Database Agnostic Pagination of Time-Series Results
A way to paginate time series results in the DB side even when the DB itself doesn’t support it.
Read on Medium (opens in a new tab)If you are working with Observability or any Data Science field, chances are that you have to work with time-series data at one point or the other. This is because most practical applications of data science will include a time dimension and it is generally useful to preserve this information in many cases.
A common issue when dealing with such time-series data is the sheer volume of data that is collected and the challenges that come along with dealing with such data.
Today in this article, I will be focusing on one such issue, which is paginating time series data. Pagination is important in any solution and helps clients process or visualize data without getting overwhelmed by the sheer volume of all the relevant data.
Moreover, most large-scale time-series databases have hard limits on the number of results that can be returned in a single query (For Azure Data Explorer this was set at 500,000 rows or 64 MB (whichever is lower) at the time I was writing the article). This can result in problems if you wish to query large amounts of data through the REST APIs.
In this article, I will be walking you through a solution that we had to implement due to the lack of database-side pagination support in Azure Data Explorer and other products powered by it. However, the approach used in this article is database agnostic and it should work with any time-series database out there.
Now let’s take a look at how to implement pagination in time-series data even without any support for it from the time-series database itself.
Note: I have assumed that the time series database will return an error when database limits are hit along with a partial result set. This is simply to follow the behavior of the Azure Data Explorer that I tested this with. However, if only an error is returned without a partial result set, the algorithm can still be modified to address it.
Pseudo Code for Chunking of Time-series Query Results
Input:
* start_time - The starting timestamp (inclusive) to include in results
* end_time - The ending timestamp (exclusive) to include in results
* limit - The maximum number of rows to fetch in a single query
Utility Functions:
* query_database - Query the database and return results in ascending order
* process - Process an array of results
* size_of - Get length of an array
* timestamp_of - Get the timestamp of a row of results
* is_server_side_limit_error - Returns true if the error passed in is the server side limit error
Algorithm:
1: current_start_time = start_time
2: while True:
3: has_reached_server_side_limit = False
4: rows = []
5: try:
6: rows = query_database(current_start_time, end_time, limit)
7: except Exception as err:
8: if is_server_side_limit_error(err):
9: has_reached_server_side_limit = True
10: rows = err.partial_results.rows # Partial results set
11: else:
12: raise err
13: row_count = size_of(rows)
14: if row_count == limit or has_reached_server_side_limit:
15: last_timestamp = timestamp_of(rows[row_count - 1])
16: i = size_of(rows)
17: while i > 0 && timestamp_of(rows[i-1]) == last_timestamp:
18: i--
19: if i == 0:
20: raise Error("Unsupported condition: limit too small")
21: rows = rows[0:i] # Dropping all rows with last timestamp
22: current_start_time = last_timestamp
23: process(rows)
24: else:
25: if row_count > 0:
26: process(rows)
27: breakExplanation
The most important aspect of any pagination algorithm is how to continue from the last results chunk.
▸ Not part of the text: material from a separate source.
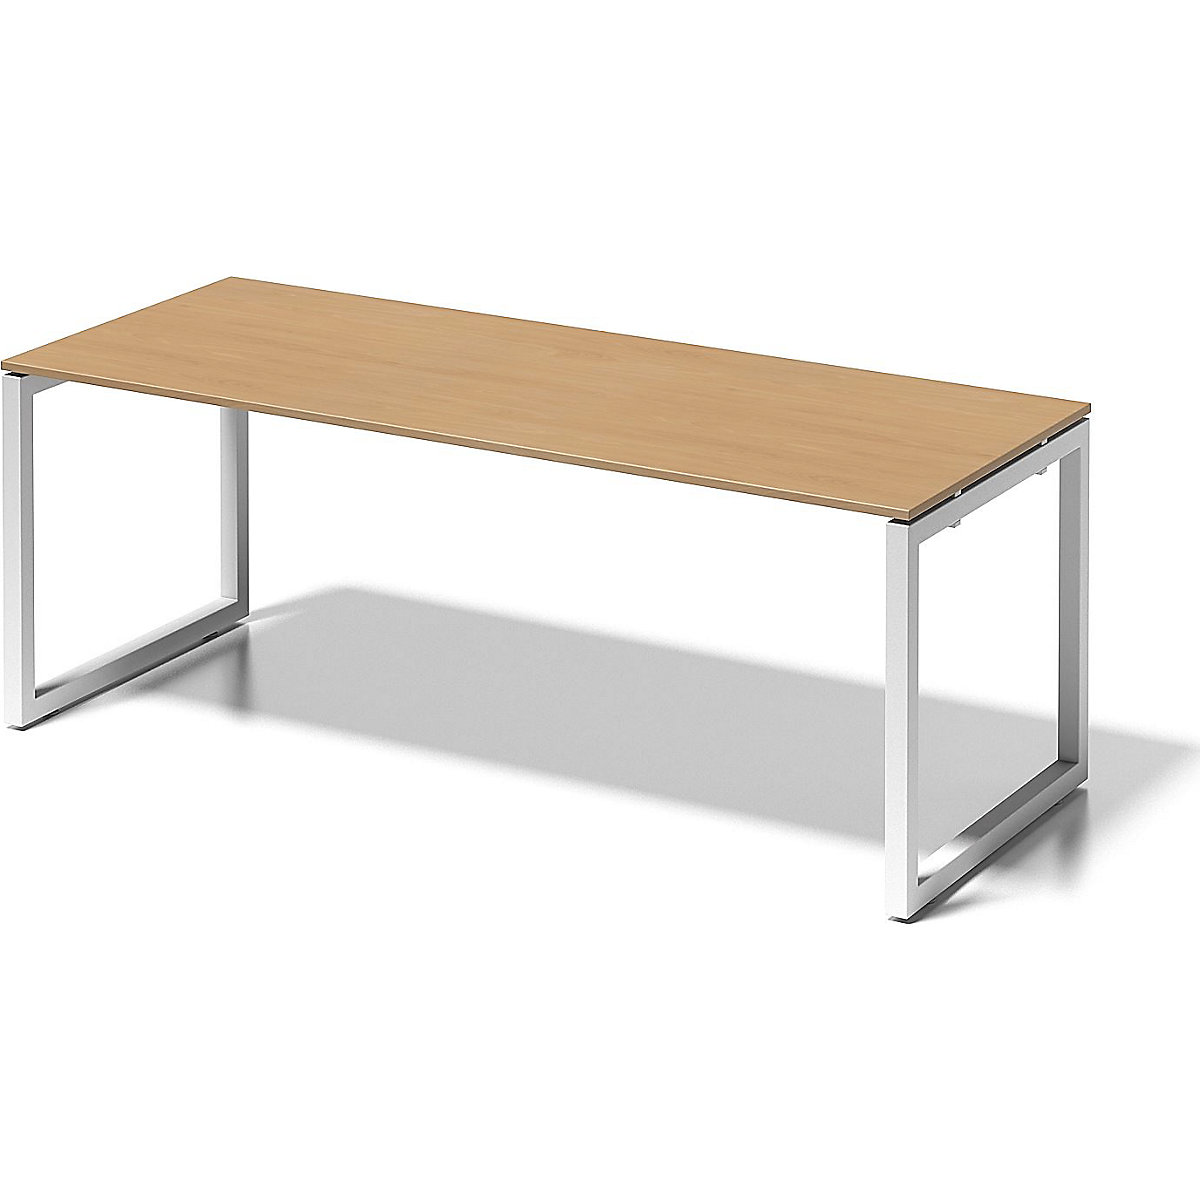 Písací stôl CITO, podstavec v tvare O – BISLEY, v x š x h 740 x 2000 x 800 mm, podstavec biela, doska stola buk-6

In this algorithm, this is achieved by querying the results in ascending order and using the last timestamp of the previous results chunk as the start timestamp of the next results chunk.
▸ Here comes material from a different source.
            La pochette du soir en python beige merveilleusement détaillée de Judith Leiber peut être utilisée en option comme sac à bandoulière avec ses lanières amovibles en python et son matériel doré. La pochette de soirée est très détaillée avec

However, to avoid any overlaps due to repeated timestamps in multiple rows, we need to always drop the last timestamp in the chunk so that we can fetch results starting from that point to the end of the time range (Lines 14–21). There is an inherent limitation because of this approach, which is explained below.
The terminating condition of the querying is detected when the number of returned data is less than the limit specified and if there were no database size limit errors (Lines 24–27).
Limitations & ways to overcome them
While this algorithm will work for many cases, if your data contains multiple repeated timestamps in rows, the algorithm may fail. This can happen if the limit applied to the results chunk is smaller than the maximum number of repeated timestamps as we are always removing the last. The algorithm will raise an error if this condition is reached (Lines 19–20).
However, in many real-world applications repeating timestamps in multiple events will be rare. That said, there can be some cases where there are repeated timestamps due to the implementation of how these data points were recorded. (e.g.:- multiple sensor readings which have the same timestamp, to simplify the sensor reading implementation, even though they were read at least several milliseconds apart).
One approach to overcome these limitations in such scenarios would be to group these events into a single row using the time-series database query itself.
Conclusion
As you have witnessed above, this approach would work with almost any database without any issues.
However, I would like to emphasize the fact that, we should not try to query all data in this manner unless it is necessary. Querying data in this manner will put a lot of strain on the database as well as the client.
You should always try to aggregate and process the data within the database itself using database queries. Most of the time-series databases available today include rich enough syntax to perform such processing on the database side itself.
However, in those rare occasions when you have no other alternative (e.g.:- if you are storing logs in an Azure Data Explorer and would like to implement a logs viewer), I hope this approach will save your day.
P. S. — I would love to hear about your use cases where loading all data in chunks was useful.